Posted for R. O.
During the summer of 1968, I was a member of a Mobile Advisory Team assigned to Thoung Duc District in Quang Nam Province, I Corps RVN.
We were responsible for working with the Regional Force and Popular Force units in the district as part of the effort to “Vietnamize” the war. While the district was geographically large the population was small and the was only one RF company and 10 PF platoons. All units lived in the only town in the district of the same name. The most interesting feature of the town was a large European style Catholic church in the middle of the ville.
The other interesting demographic was that the Catholics there were nearly all North Vietnamese, either those who had fled the north in 1954 or their descendants.
The total US advisor population was a small district team of three officers and two enlisted plus the MAT (two officers and three NCOs).
The town was isolated from friendly territory and the only way in or out for any one was by helicopter or Caribou. We did have another semi-friendly adjacent element in the area, as the An Duc SF camp adjoined the district compound on one side. The other major force in the area was the 2nd NVA division which occupied most of the district to our west to the Laos border.

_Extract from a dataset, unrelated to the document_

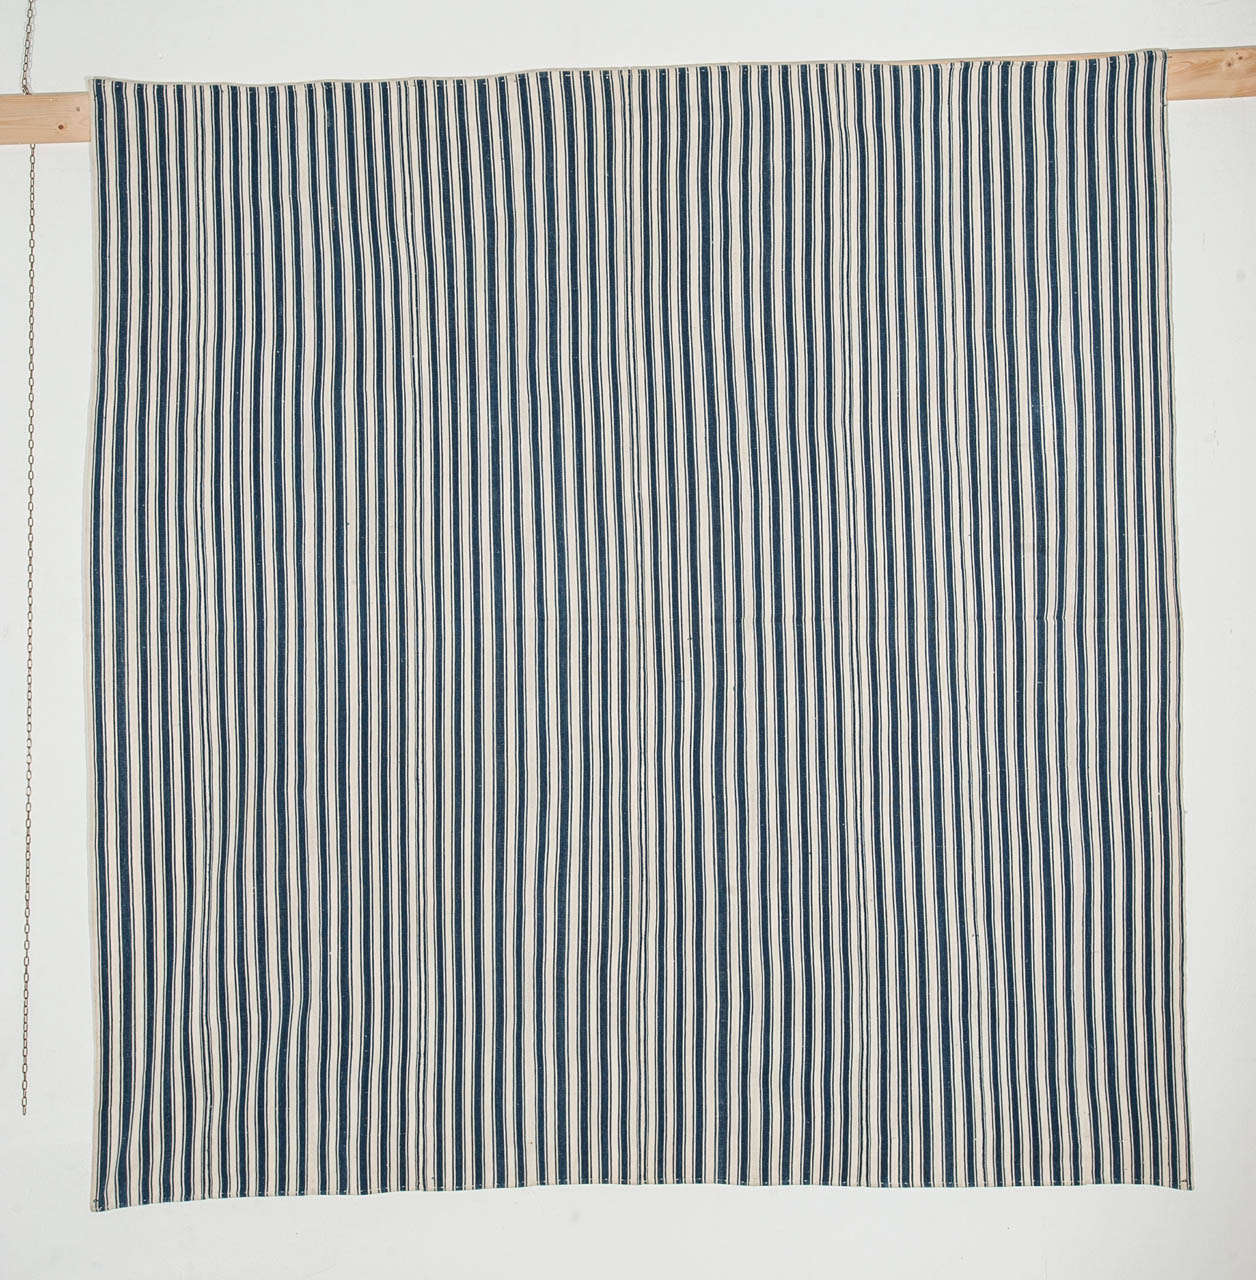 An ivory and indigo flat-weave, composed of various panels hand-sewn together, woven in the weft-substitution technique also known as Jajim. These flat-weaves were used in the tents of the Kurdish nomadic tribes inhabiting the mountainous regions of

Part of the district team was the captain responsible or the Phoenix program. He had a pot of money to do various things and one of those things was to pay the locals of weapons/ammuntion turned, no questions asked. At times we would accumulate a small cache of B40 rockets, 82mm mortar rounds and NVA hand grenades and other miscellaneous stuff before the District Senior Advisor (also a CPT) would get pissed and make the Phoenix CPT haul the stuff up to the SF demo pit and blow it up.
The town and the district compound were on a ridge nestled in the Y of the junction of two good sized rivers. Just across a bridge at the smaller river, we had a small air strip where the Air Force periodically brought supplies for both us and the Vietnamese via Caribou.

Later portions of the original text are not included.